Anna’s voice came back. “We’re a couple of miles out—nearly halfway from the valley to Aichi’s spot. But you may have something. It’s worth going back for. Look, Dig, if Rick decided to do something like that when he reached Pic G, there’s a hill he might have used. Let’s head for its foot, close to the valley side. That’s where Rick would have reached it and started to climb.”
“Sounds good,” Talles encouraged. “Check in at the foot of the hill, and do your best to stay line-of-sight from the nearest relay antenna—you know where they are.”
“Will do,” came Digger’s voice.
“If you have to follow a trail out of range, try to arrange your own relay—one of you on trail, the other in sight of both the tracker and the antenna.”
“Right, sir. Traveling.”
Marie, like the others, had been paying close attention to the radio conversation.
“Shouldn’t some of us go out there to Pic G to help Dig and Anna?” she asked. “As I remember it, there are miles of hills along the south side. Rick might have climbed any one of them.”
“That’s a thought, Marie. But by the time any more of you could hike out there, those two would have pretty well covered the ground, wouldn’t they?”
“Not if there turned out to be a lot of Type IV, size 16-C-A tracks to follow. And for that matter, why should we hike out?
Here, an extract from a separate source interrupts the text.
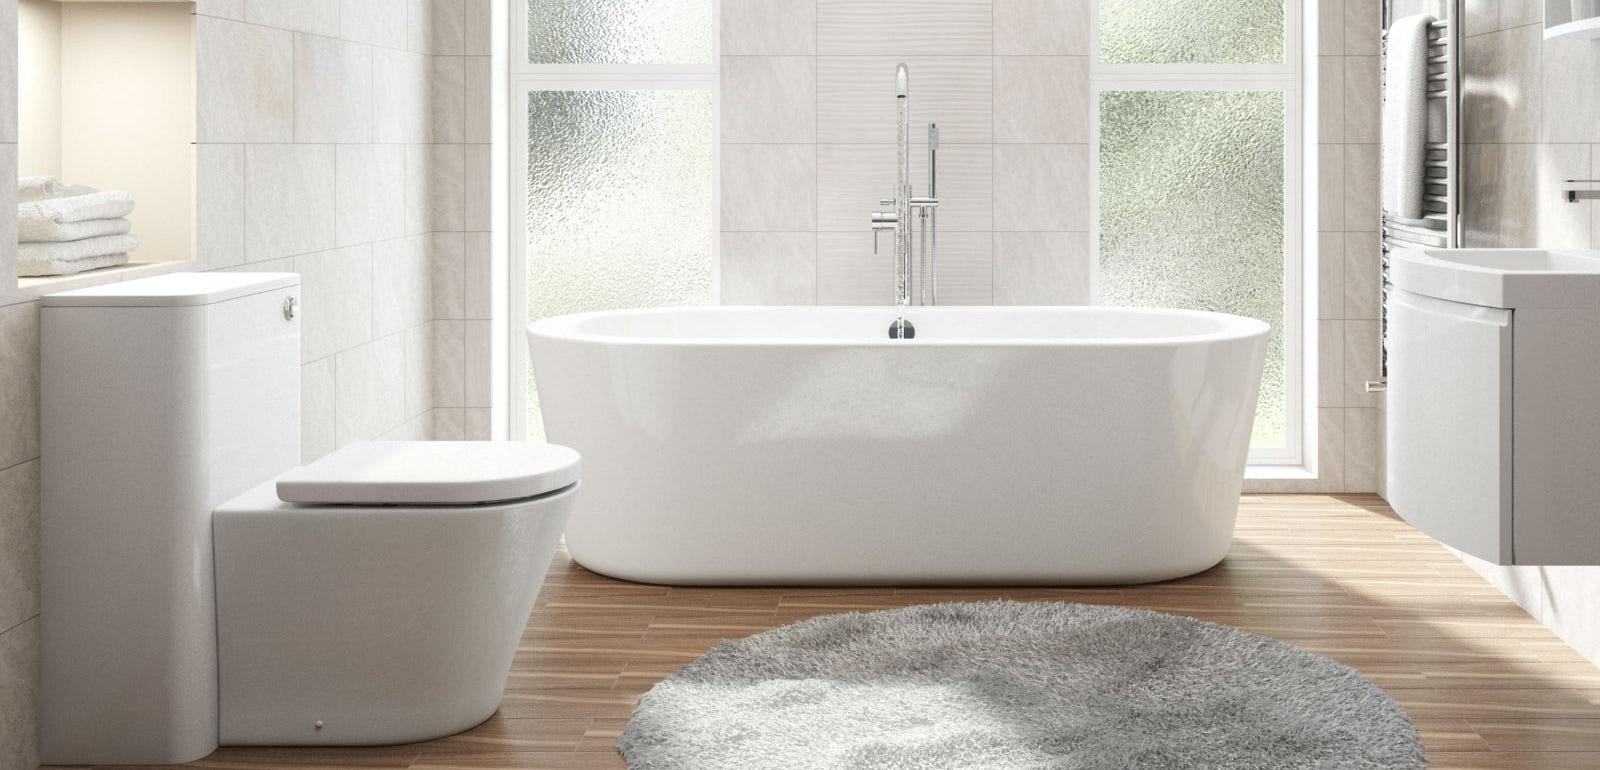 Designing A Contemporary Style Bathroom

Wouldn’t it be faster to take a crawler?”
“Can you drive one?”
“Well—not legally.”
“How about the rest of you?” Jim glanced over the group gathered around the map table.
“Aichi took all the rated ones—Anna, Kort, Digger, and Jem—with him.” Marie added, “That wasn’t very bright. But you could drive some of us out. There are plenty of crawlers at this lock.”
“Sure I could drive you. Except that it would be too hard to keep in touch with the other searchers while I was driving, especially in the valley.”
“You can get through it without necessarily losing touch with the relay net. It would take a lot of zigzagging, that’s all.”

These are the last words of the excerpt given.